Updated March 12, 2026

Illustration for curl's Bug Bounty Is Dead. The Autopsy Tells Two Very Different AI Stories.

On January 31, 2026, Daniel Stenberg ended curl's bug bounty program. Seven years. Eighty-seven confirmed vulnerabilities. Over a hundred thousand dollars paid out. Done.

The reason was not funding. It was not a policy change at HackerOne. It was AI.
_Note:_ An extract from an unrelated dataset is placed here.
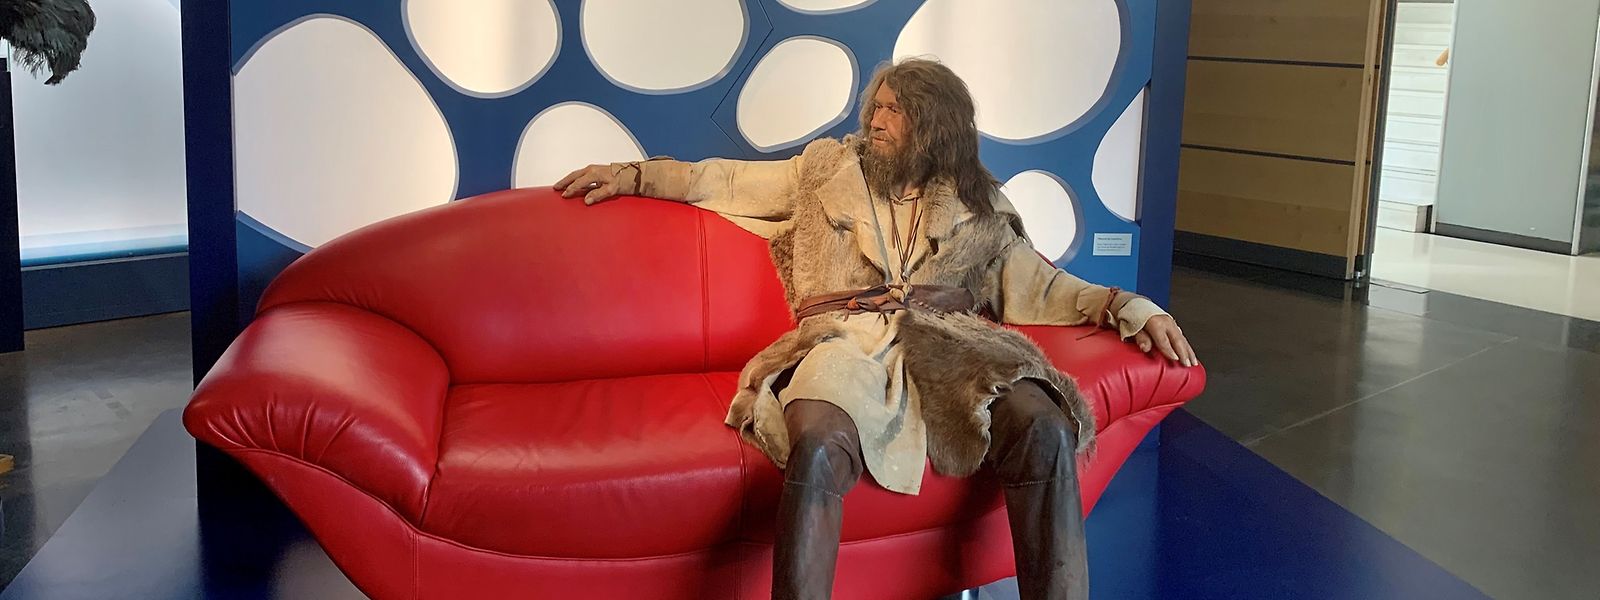 Les collections temporaires se succèdent mais l'homme de Néandertal assis sur le canapé au départ de toute visite est toujours prêt à poser, avec ou sans vous.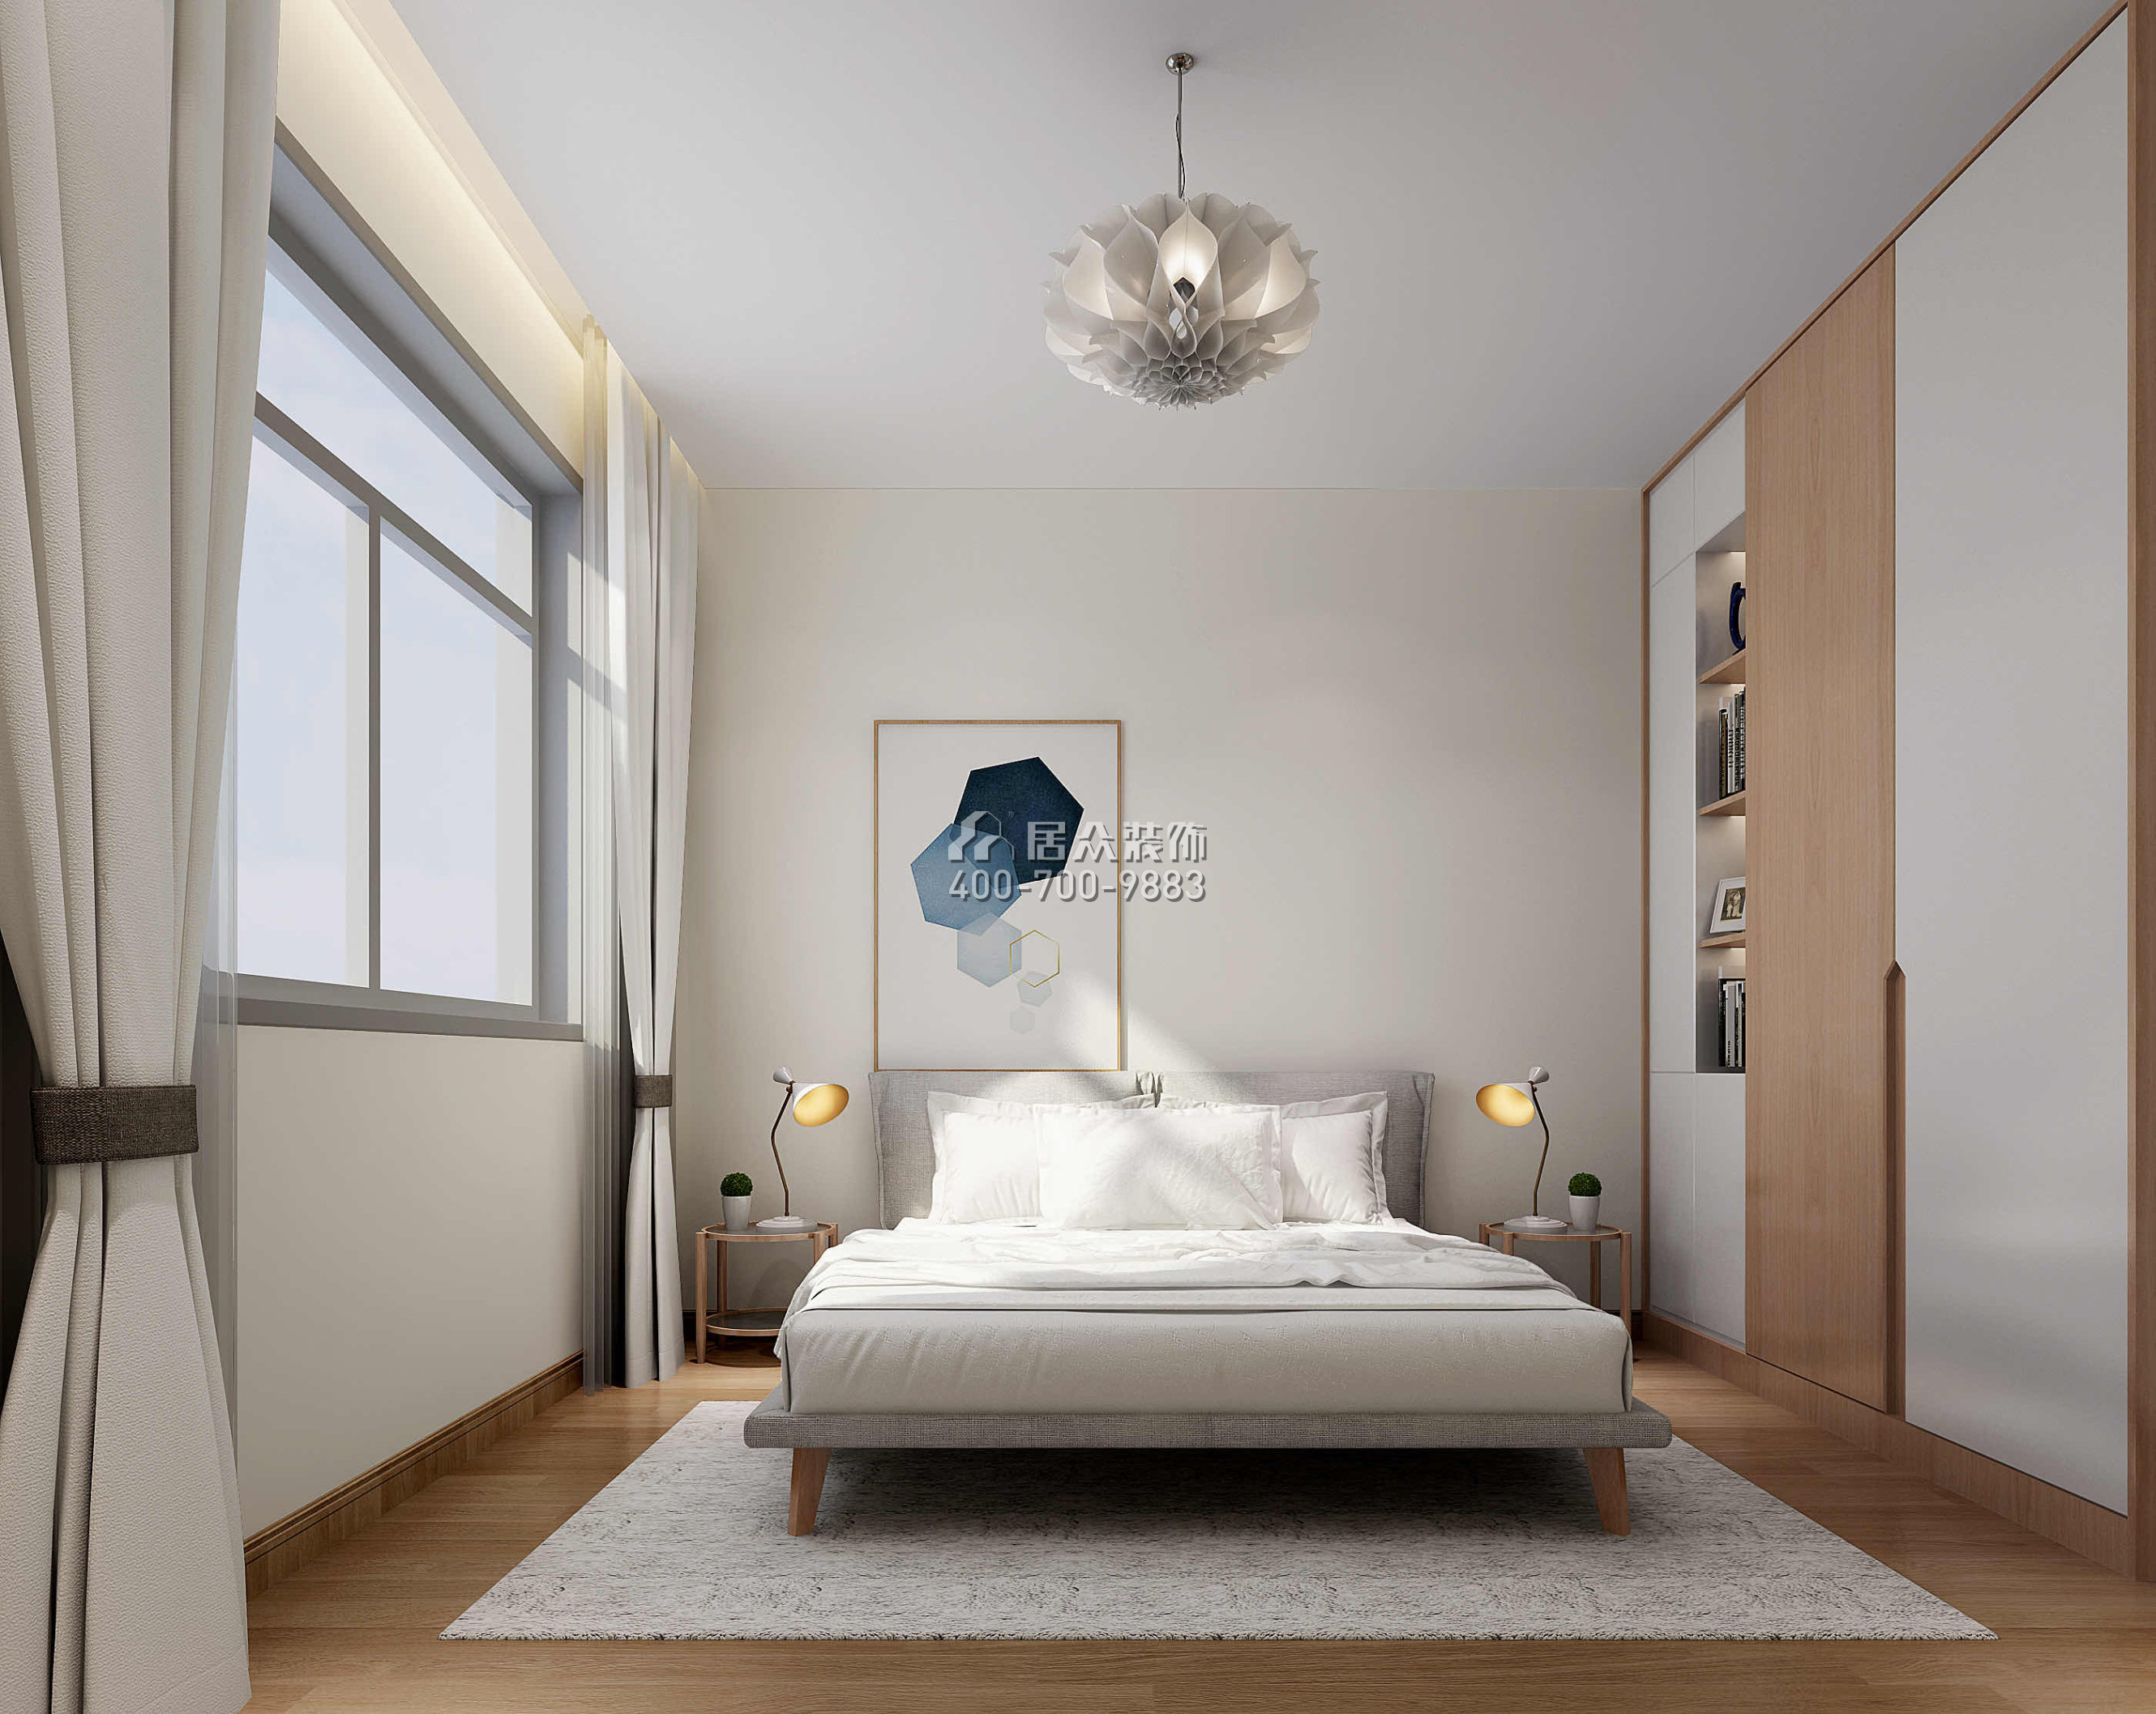 中信紅樹山330平方米現代簡約風格別墅戶型臥室裝修效果圖

Specifically: a flood of AI-generated security reports — what the industry now calls slop — that overwhelmed a seven-person volunteer team until the program was no longer sustainable. In 2025, curl's confirmation rate collapsed from 15% to below 5%. One in twenty submissions was real. The rest were hallucinated vulnerabilities in functions that do not exist, buffer overflows in code that was never written, and exploit chains against protocols curl does not implement.

Stenberg called it a DDoS attack on the maintenance process. He was not exaggerating.

The cheapest attack in security is the one that wastes the defender's time.

But here is the part most coverage skipped. Four months before the shutdown, an AI-powered static analysis tool called ZeroPath found over 170 verified issues in curl — C footguns, logic bugs, RFC compliance violations across HTTP/3, SMTP, IMAP, TFTP, Telnet, and SSH/SFTP. These were real bugs that established tools like Coverity and CodeQL had not flagged. Stenberg's response: "These new tools are finding problems that none of the old, established tools detect."

Same codebase. Same technology category. Opposite outcomes. The variable was not AI. It was methodology.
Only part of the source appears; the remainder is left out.